その仕草が何となく、非常にいじらしく感じる。


「ねえ、髪伸びたら、また髪輪買うてくれる?」


「そんな安物じゃなく、もっと良い物買ってあげるよ」


 岡部の言葉に梨奈は、顔をぱっと明るくして喜んだ。


「ほんまに?、そしたら私、もう髪切らへん!」


「いや、でも美容院はちゃんと行こうね」


 その岡部の一言で、嬉しそうにした梨奈の顔が一気に曇った。


「知らんおばちゃんが、わあわあ言うてくるから苦手なんよね……」


 梨奈は、すっかり当初の笑顔を取り戻していた。




 その夜の食卓で、戸川は梨奈の顔を見ると、綱一郎君を皇都案内してあげたんだってねと、しらばくれて尋ねた。

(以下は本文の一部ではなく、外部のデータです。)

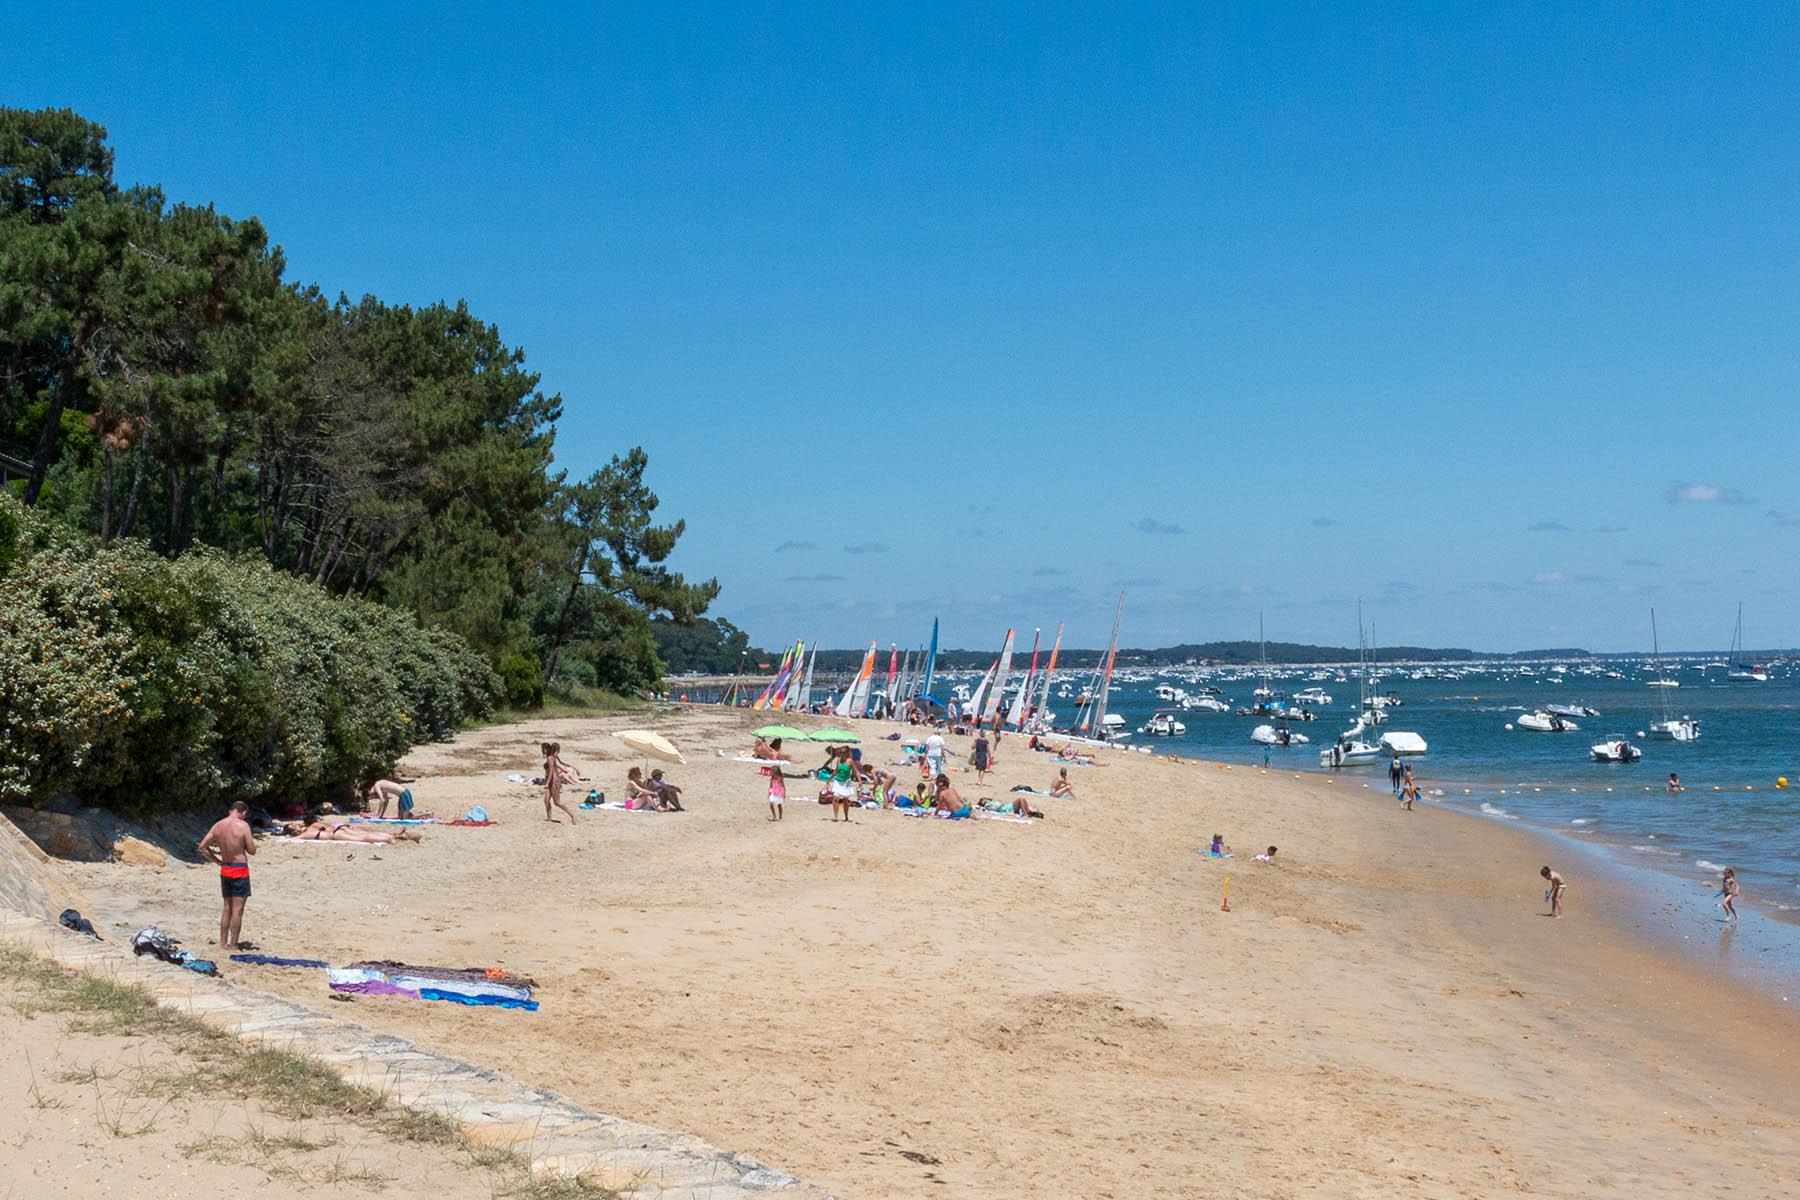 La vigne village du cap ferret infos plages activit s - Restaurant arcachon port de plaisance ...
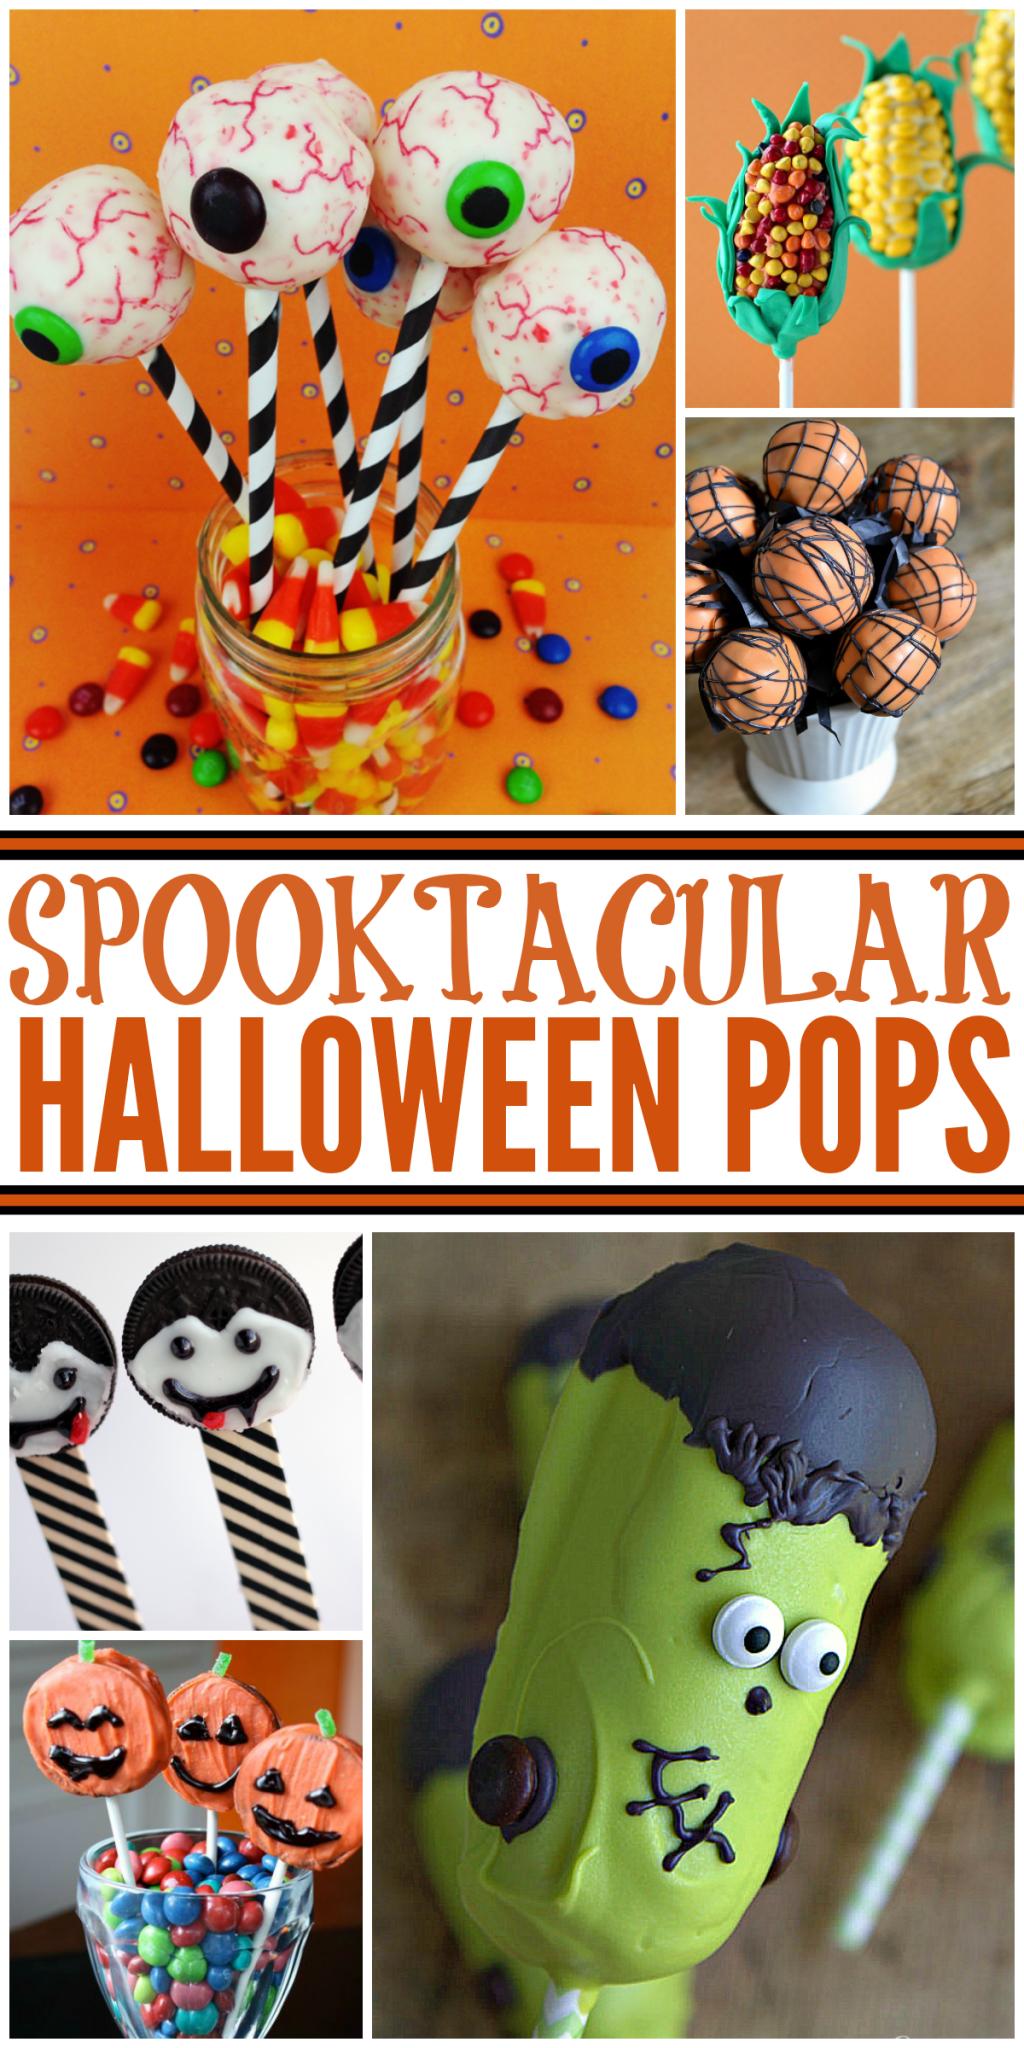 Halloween Desserts - Spooktacular Halloween Pops

「広隆寺に行ったんよ。網一郎さんったら、しょっぱい財布使うてるんよ」


 梨奈は、嬉しそうにクスクス笑った。

いつもより明らかに声が大きい。


「まだお給金出てへんからな。そういえば給料日来週やね」


 そう言うと、戸川は岡部の方を見て微笑んだ。

岡部は楽しみですと言って微笑み返した。


「綱一郎さんたらね。私の事小四やと思うてたて言うんよ。酷ない?」


 奥さんが食べていた物を吹き出し咳込んで笑い出した。


「ちょっ! 母さん汚いわ!」


 梨奈は奥さんから少し距離を取って怒った。

ごめんごめんと、奥さんは笑いながら噴出したご飯粒を片付ける。


「僕はちゃんと中三だと言いましたよ」


 岡部は真顔で梨奈に指摘した。


「高二や!」


 梨奈も間髪入れずに真顔で訂正した。

戸川も笑って咳込み始めた。

奥さんは完全に笑い転げてしまって机に突っ伏してしまっている。


「これに懲りず、またどこか案内してね」


「……気が向いたらね」


 梨奈は照れながらも、岡部の顔をちゃんと見て答えている。

その隣で奥さんも戸川もまだ笑い続けている。